Paravaccinia virus presents itself with blisters, nodules, or lesions about 4 mm in diameter, typically in the area that has made contact with livestock that is infected with bovine papular stomatitis. Lesions may begin forming as late as three weeks after contact has been made with an infected animal. In rare cases, lesions may be seen systemic. General signs of infection are also common, such as fever and fatigue.
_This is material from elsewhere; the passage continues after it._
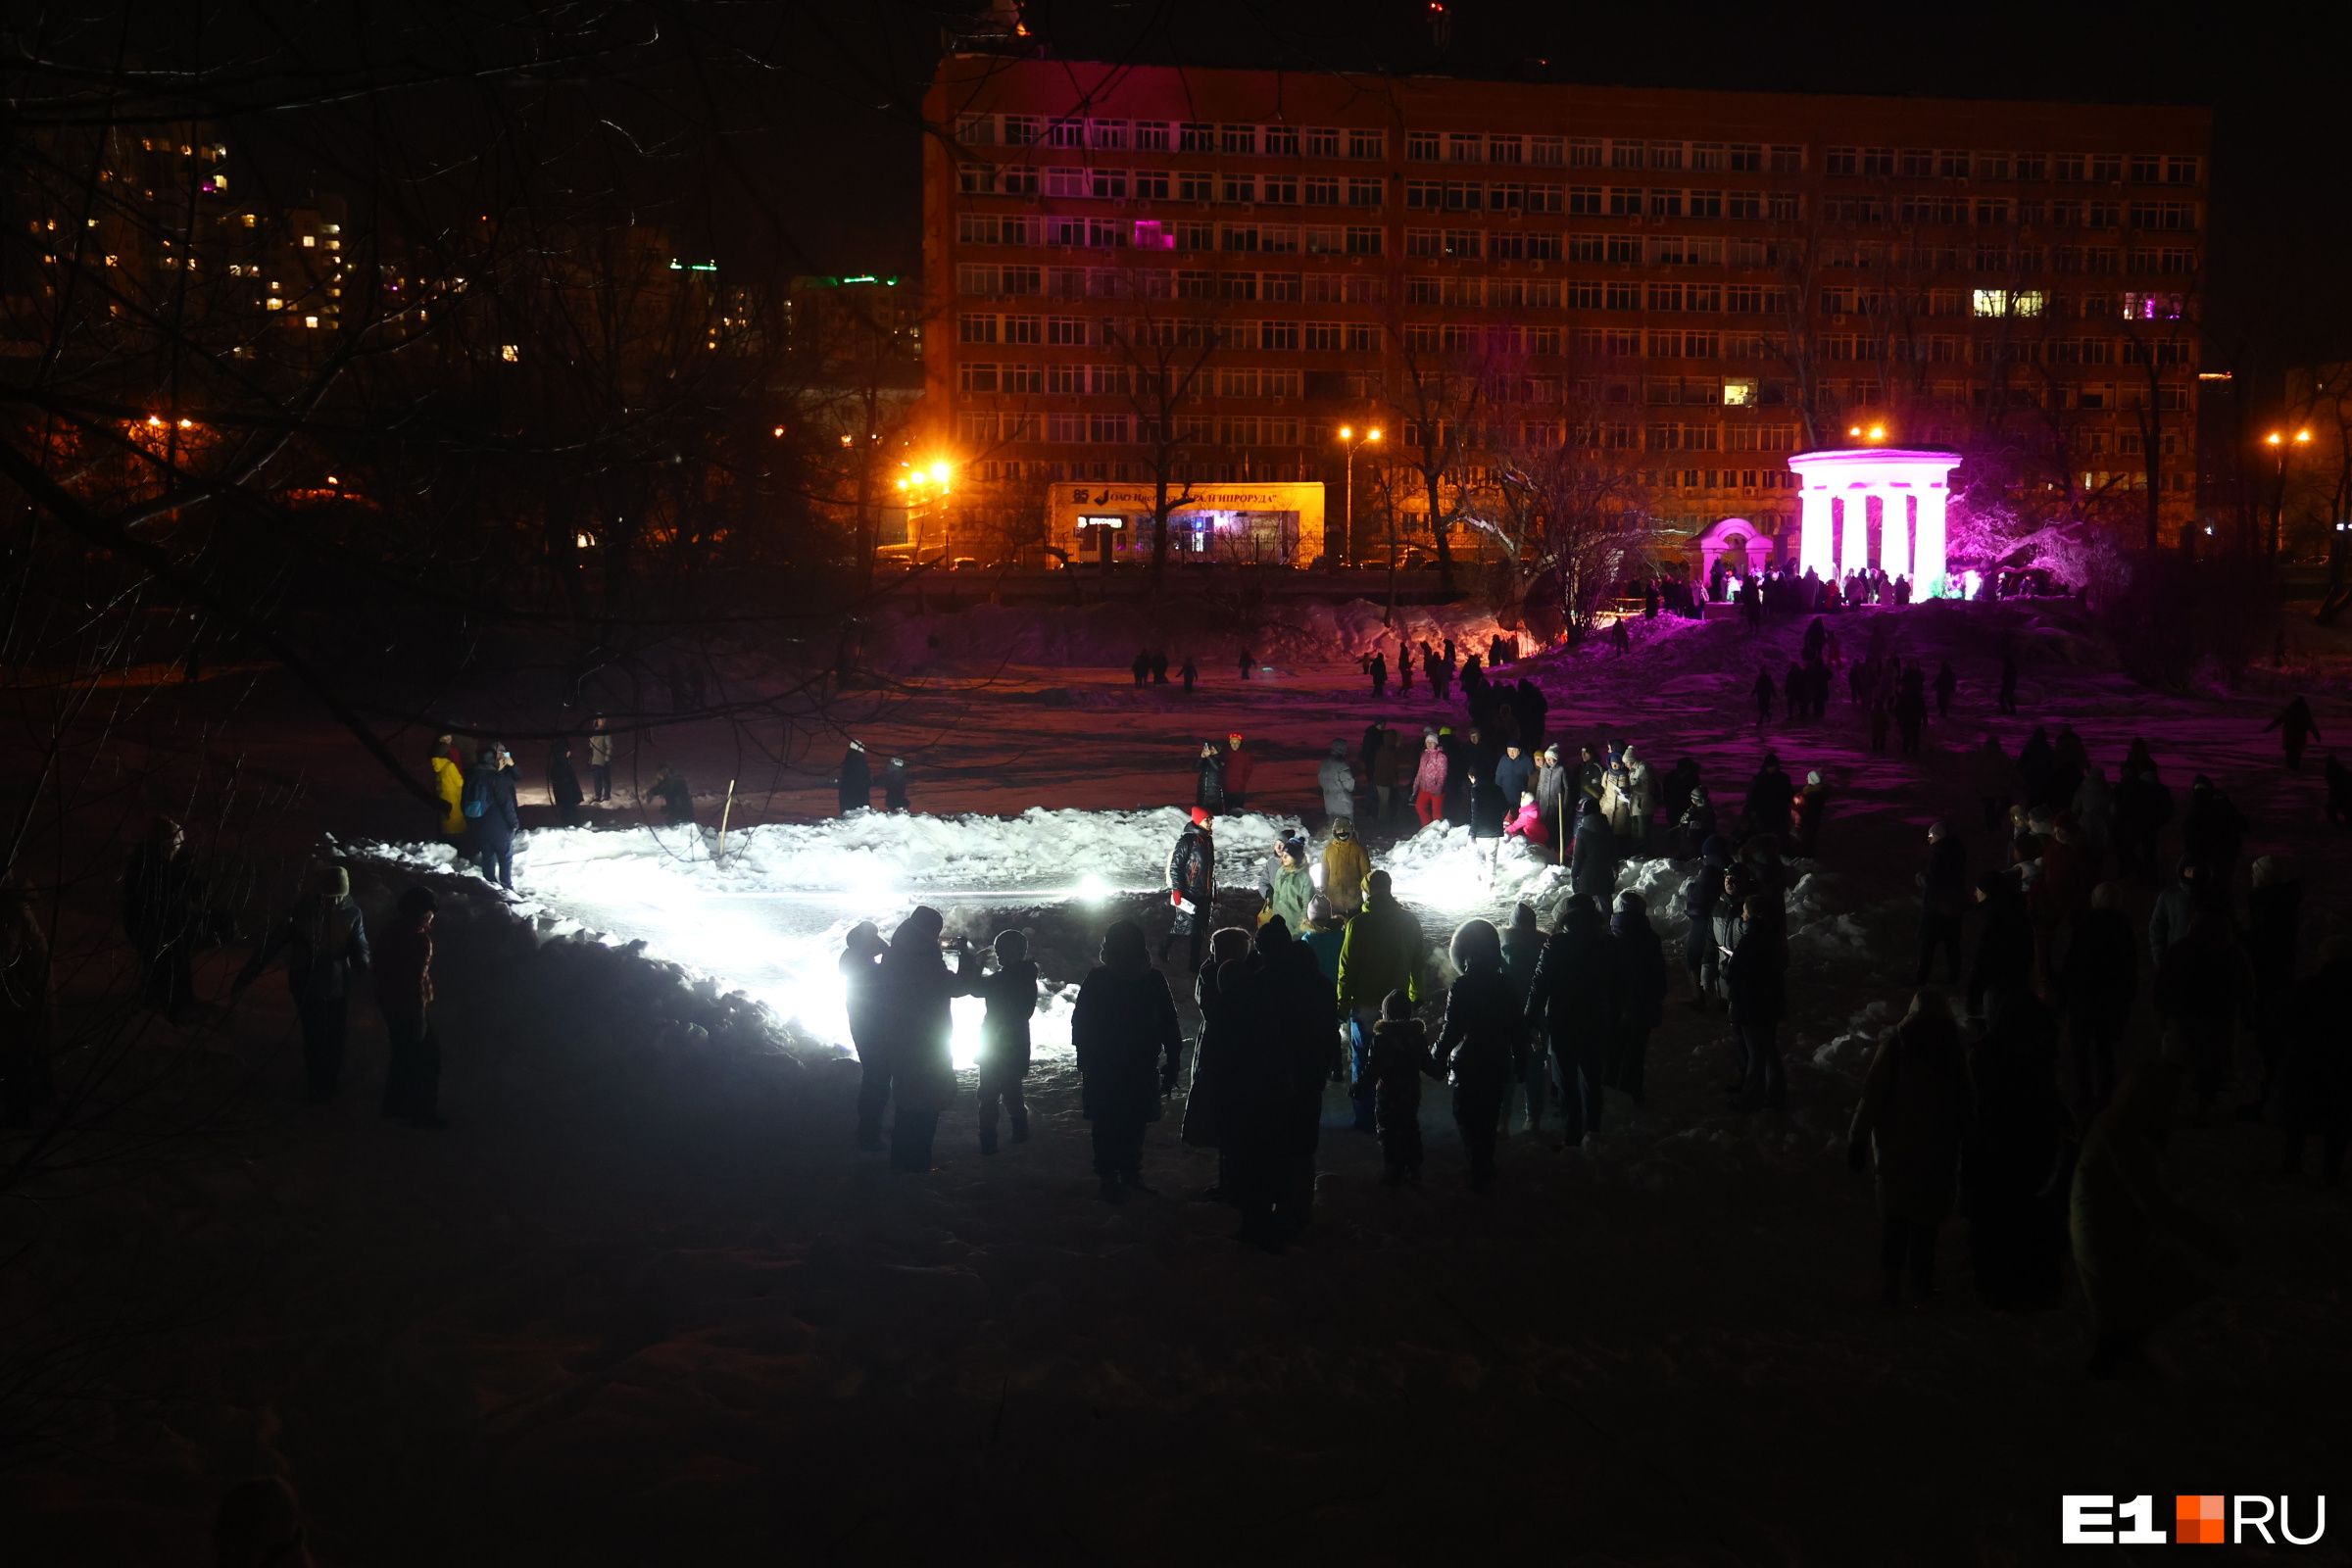 Тысячи екатеринбуржцев ринулись в парк и выстроились в очереди (несмотря на мороз!). Показываем, ради чего

Infected livestock may present with blisters or lesions on their udders or snout. Often, however, infected livestock show little to no symptoms.

==Mechanism==
Paravaccinia is a member of the Parapoxvirus genus. It has a cylindrical body about 140 X 310 nm in size, with convex ends covered in a criss-cross pattern of rope like structures. The virus is resistant to cold, dehydration, and temperatures up to 56 °C. Upon injecting a cell with its genome, the virus begins transcription in the cytoplasm using viral RNA polymerase. As the virus progresses through the cell, the host begins to replicate the viral genome between 140 minutes and 48 hours.

==Diagnosis==
Diagnosis of paravaccinia virus will often come from Polymerase chain reaction screening ordered by their physician. However, due to how common paravaccinia virus is in rural areas, individuals typically do not seek professional help in diagnosis. Instead individuals may refer to people with local knowledge of the cattle in their area such as ranchers, or veterinarians who have some familiarity with the infections in the region.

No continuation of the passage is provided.